Graph explore api for webshop case

graph

(Malthe) #1

Hi Elasticsearch community.

I am trying to build a feature with the Explore api, which can tell what other people bought after they have looked at, whatever product you are currently looking at.

I have indexed in ES the documents of what people have looked at and what people have bought, but I can't get the most relevant response from the Api.

What I have currently build looks something like this:

  1. Find the product you are looking at in the database.
  2. Call the Explore api to get the most relevant IP addresses of other people who looked at this product and what product they have looked at.
  3. Call the Explore api again to find the most relevant sales that have been made from the IP addresses from before.
  4. Sort the products that have been sold and find whether they are in the same category as the product you are currently looking at.
  5. Show a message to the user: "Others who looked at this product, ended up buying this product".

Hope that you guys can follow the idea for this features.

Please let me know, if you need anything explained better. :slight_smile:

And also: have any of you tried to build a feature like this with the api?

Regards Malthe.


(Mark Harwood) #2

Hi Malthe,

An example of this sort of thing on click data is in this video (see from 27:30).
Here though we are using query terms and product codes as vertices in the graph rather than user IDs.

The significance algorithms will certainly help to avoid just recommending the universally top-selling products regardless of the starting question but you have to be careful about what vertices you choose to use them on.
Query terms are common to more than one user (so we have many potential data points) and also contain a reasonably clear notion of user intent.

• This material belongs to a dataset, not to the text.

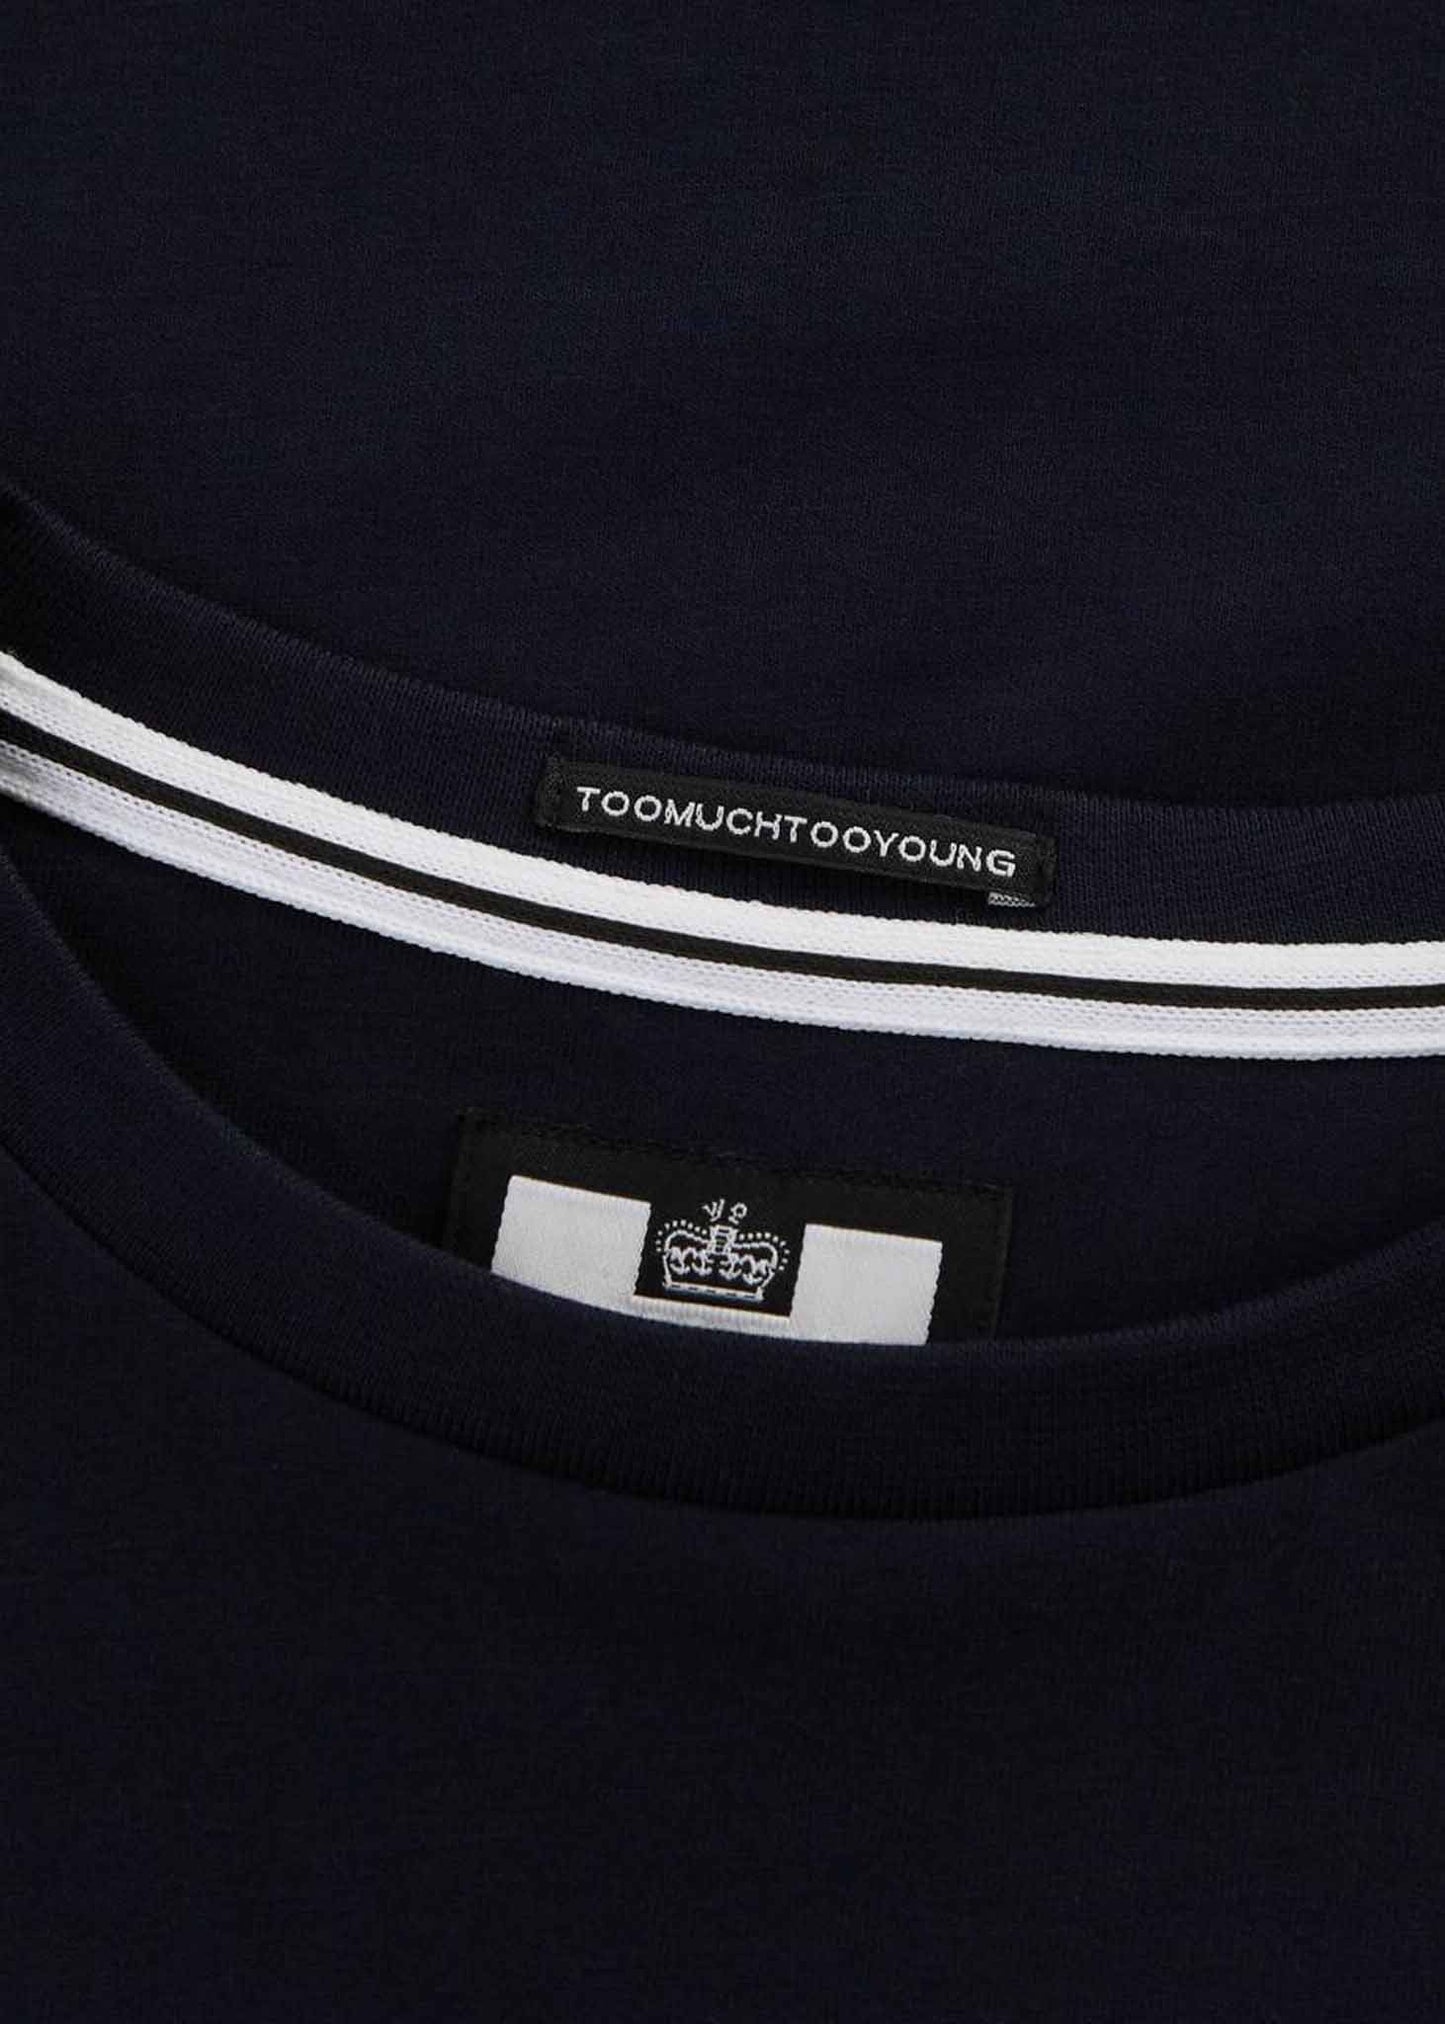 Weekend Offender T-shirts  Leo gregory - navy 
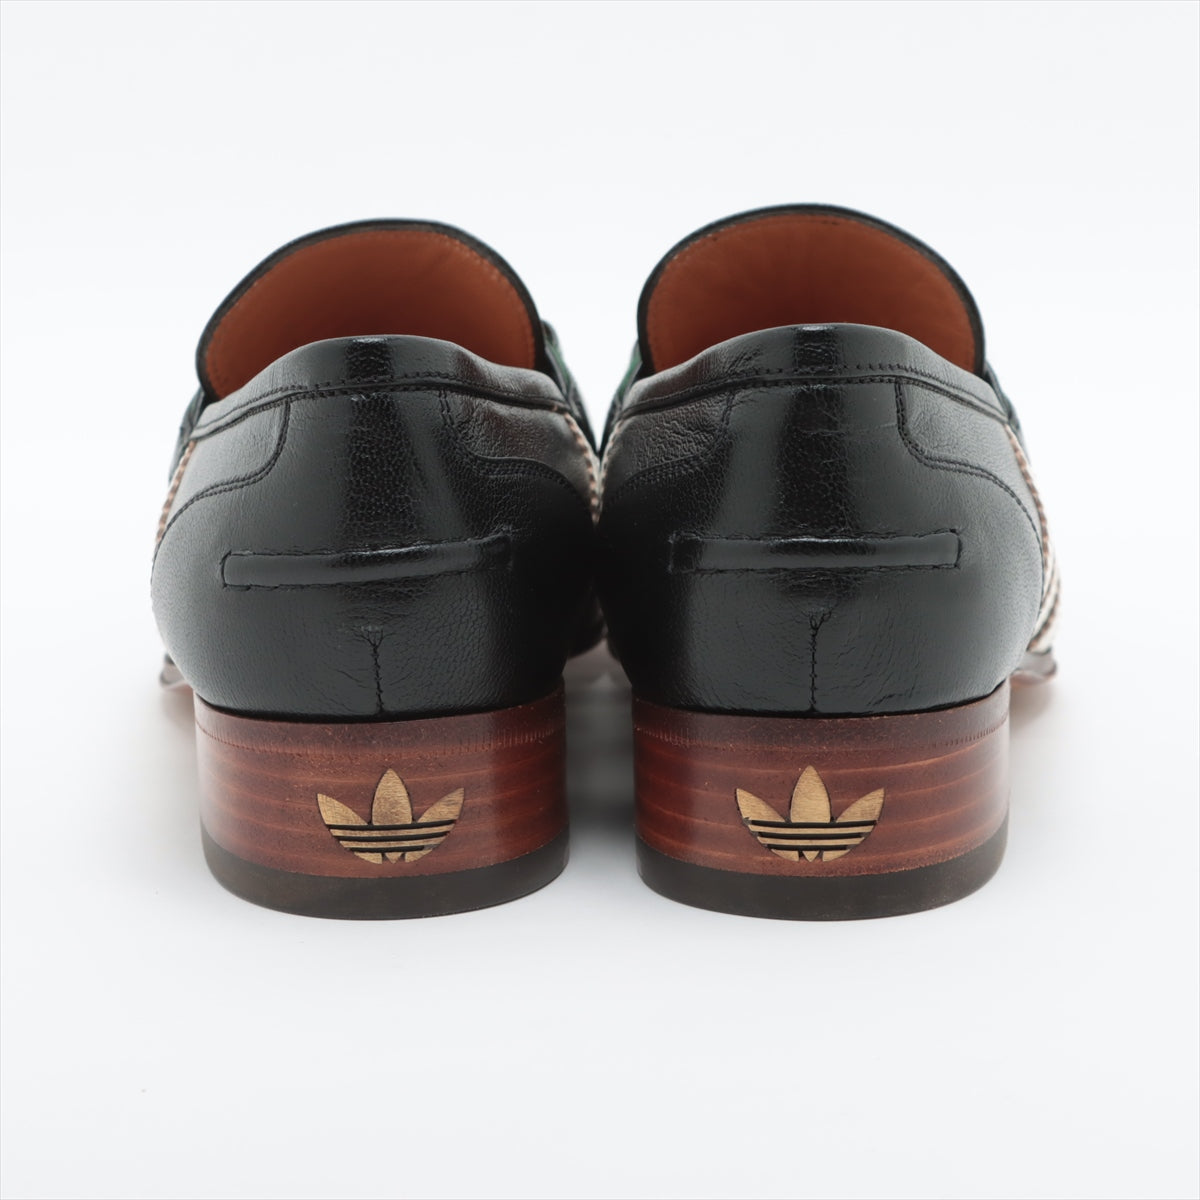 Gucci x adidas Horsebit Leather Loafer EU35 1/2 Ladies' Black 702284 Sherry Line box There is a bag

They can be useful vertices in a graph.
However, if something low-frequency like an IP address is used as a vertex in the Graph and you have use_significance turned on, then that can act as a dead-end in the crawl because there aren't enough data points around each single IP address to identify a significant relationship to anything else.
It might be better in these cases to just use a bag of IP addresses in a regular search and use the significant_terms agg on the product codes field. This way you are looking for products significantly connected to this mass rather than independently looking for strong associations for each member of that group (and typically failing to find enough repeat-business to be certain about a user->product connection).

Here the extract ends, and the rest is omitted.